Christ Church Blog

Blind Faith

Blind Faith blogpost

Written in response to COVID19 quarantine. (From Luke 18:35-42, NLT)

The blind man had no home. Although he lived off of shared food and money, what he longed for most was to see. When he heard a large crowd shout, clap, and parade by him, his heart beat faster and his skin tingled with hope.

“What is happening?” he asked into the open space around him. No one answered. Maybe they could not hear.

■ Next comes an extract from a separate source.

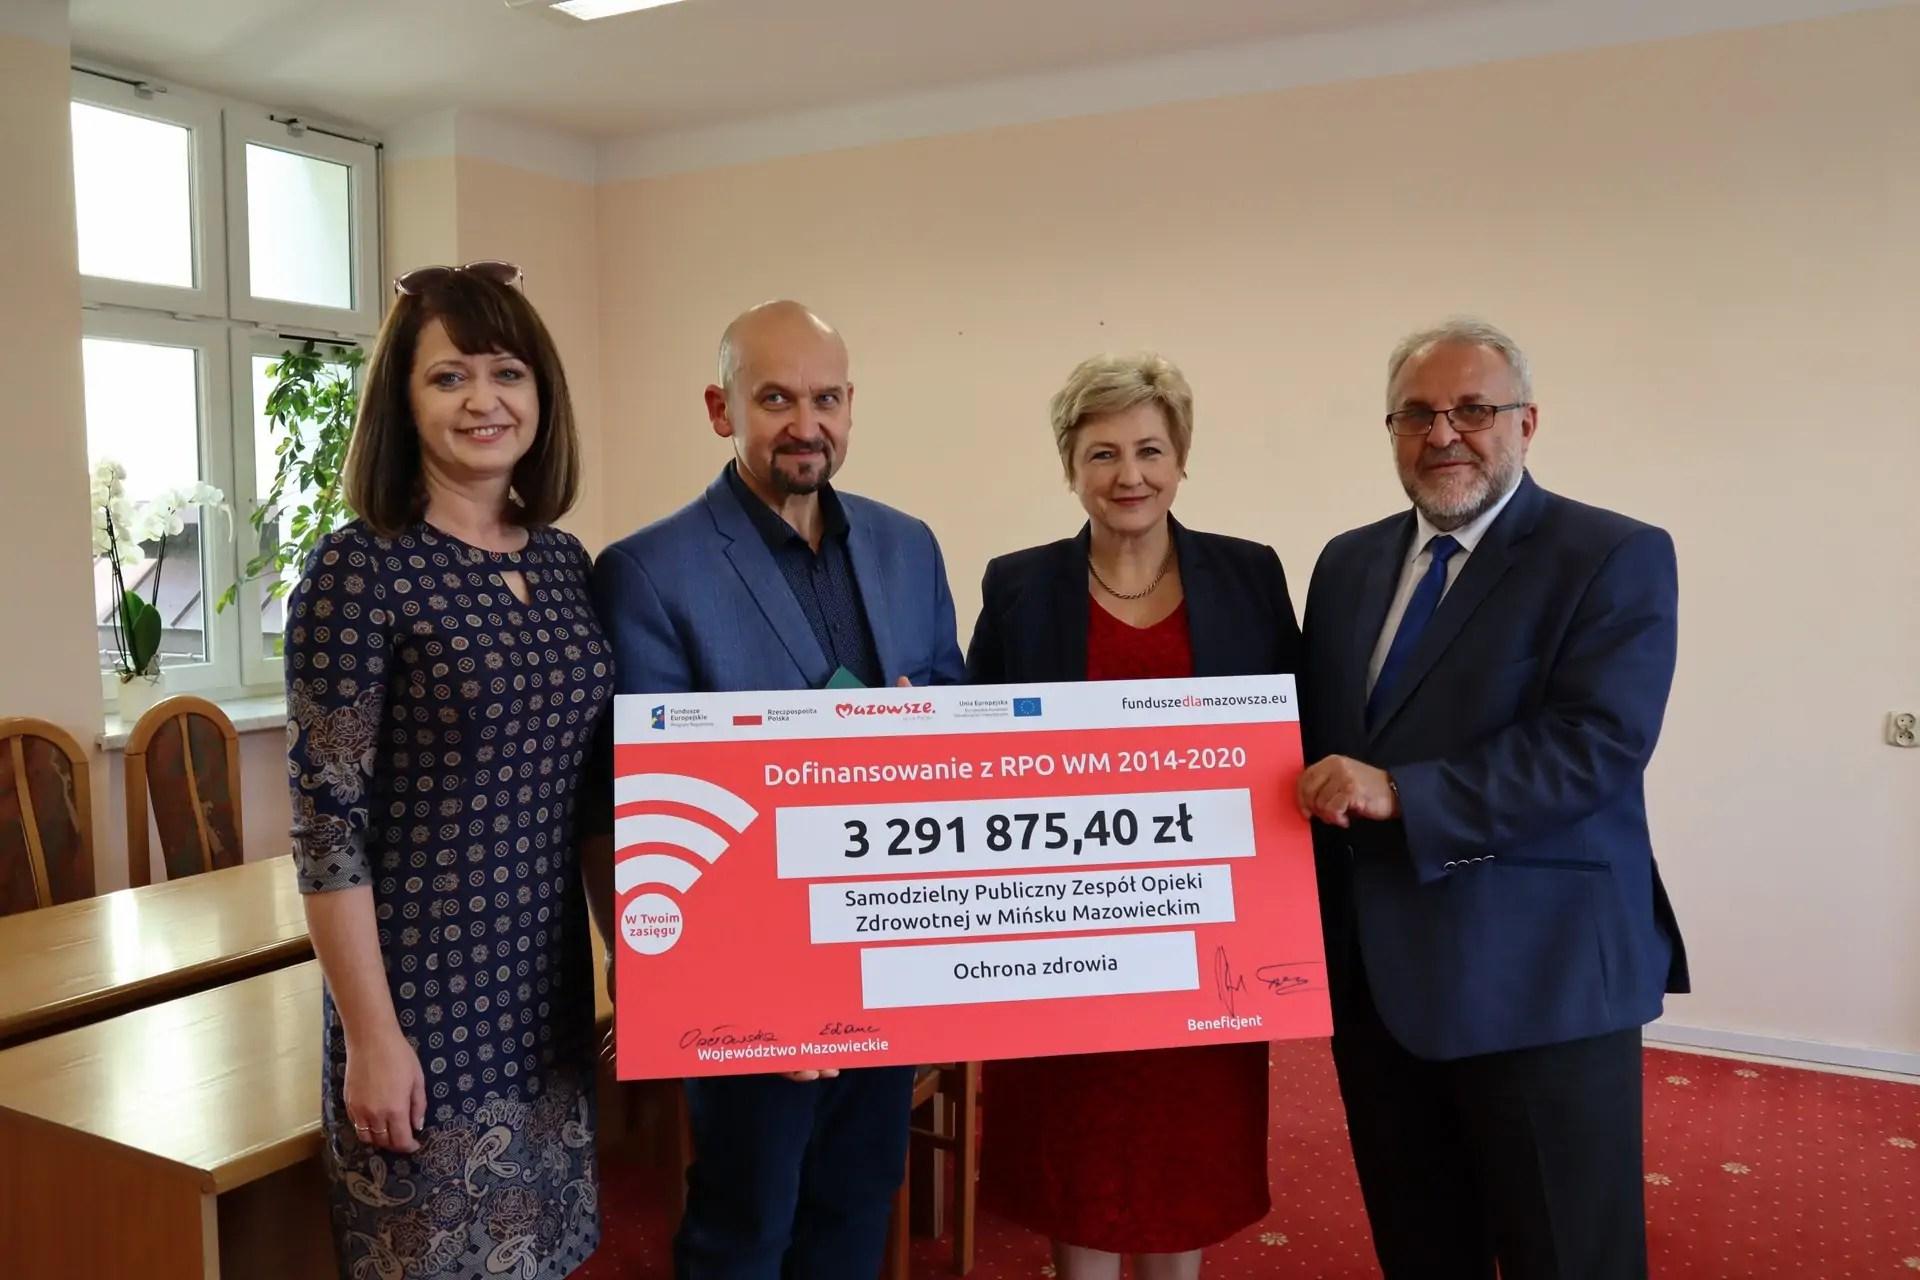 Nowoczesny sprzęt medyczny w SPZOZ w Mińsku Mazowieckim

“What is happening?” he asked louder and outstretched his hands until he found the arm of someone and clung. “Tell me why they’re happy.”

“He’s here!” said the voice of a young woman.
“Who’s here?” the blind man asked.
“The one who changes everything. Jesus.”
The blind man had heard about Jesus. Some said he was a good teacher, some the

future king, some a heretic, and some the promised Messiah. Even if none of those claims were true, one rumor had been testified by many who had sight: Jesus healed. The blind man chose to believe. What did he have to lose? He searched for the woman who had helped him, but she was no longer within reach. Instead the arms and backs of people pushed against his fingertips. He could not grab on to anyone. There was no help.

With a pulse rising and sweat on his neck, the blind man shouted, “Jesus, have mercy on me!”

“Be quiet!” the people in front yelled at him.

The blind man had been quiet his whole life in order to hear others clearly. He had learned to listen for the clink of coins in his palm, the approaching kick in his thighs as he slept on streets, the robber taking bread from the one bag he owned and held around his chest. Wisdom was staying quiet to hear who had mercy and who did not. Quietness kept him alive. But the noise this day was different. People did not crowd the blind man to take away the little he had or give the little they could afford to share; they came to take from Jesus what they could and give him their faith. The blind man was used to taking. That was the only way he could survive. And for a Healer, even a little faith was enough.

He spoke louder: “Jesus, have mercy on me!”

The crowd stopped cheering. Jesus must have heard him because the blind man thought the air seemed heavy with power. Unsure if he should call again, he waited. He lifted his chin and moved his head, like a baby searching for the source of an unfamiliar noise. His ears opened wider.

He felt a hand on his arm and the voice of a man. “Jesus wants to see you.”

The blind man smiled and let the man lead. He sensed when Jesus was in front of him, for his arms began to shake and his eyes began to water. He let go of his escort’s arm and

found the face of Jesus. The blind man felt the rough tangle of Jesus’ beard and smelled sweat from his body. He had heard Jesus had no home. Perhaps they shared some suffering. Yet Jesus could see, and not just physically. The blind man no longer chose to just believe; he chose to see from his heart as he touched the face of God but still lived.

Jesus asked the man, “What do you want me to do for you?” His voice was gentle, as if it could hush the world.

“Lord,” said the man, and he noticed his voice trembled as he addressed Jesus as God, “I want to see!”

And Jesus said, “All right, receive your sight! Your faith has healed you.”

Instantly the man blinked in sights. Blurs became lines; lines became colored dimensions. All who witnessed praised God with him. The man who had been blind from birth could see, and he left his home on the streets to follow Jesus.

A Prayer for You:
For my friends who are unsure of their job status, Jesus is present and will provide. For

my friends who feel sick, Jesus will heal. For my friends who feel isolated, Jesus will bring creativity in the home. For my friends who are anxious about the future, Jesus will calm. Jesus, you are the living God. Jesus, you are loving. Jesus, you are kind. Jesus, you bring peace. Jesus, you have called my friend by name and said, “Do not be afraid, for I have not given you a spirit of fear but of power, of love, and of a sound mind.” Bring us to the place where we can say with great faith, “Lord, I want to see!”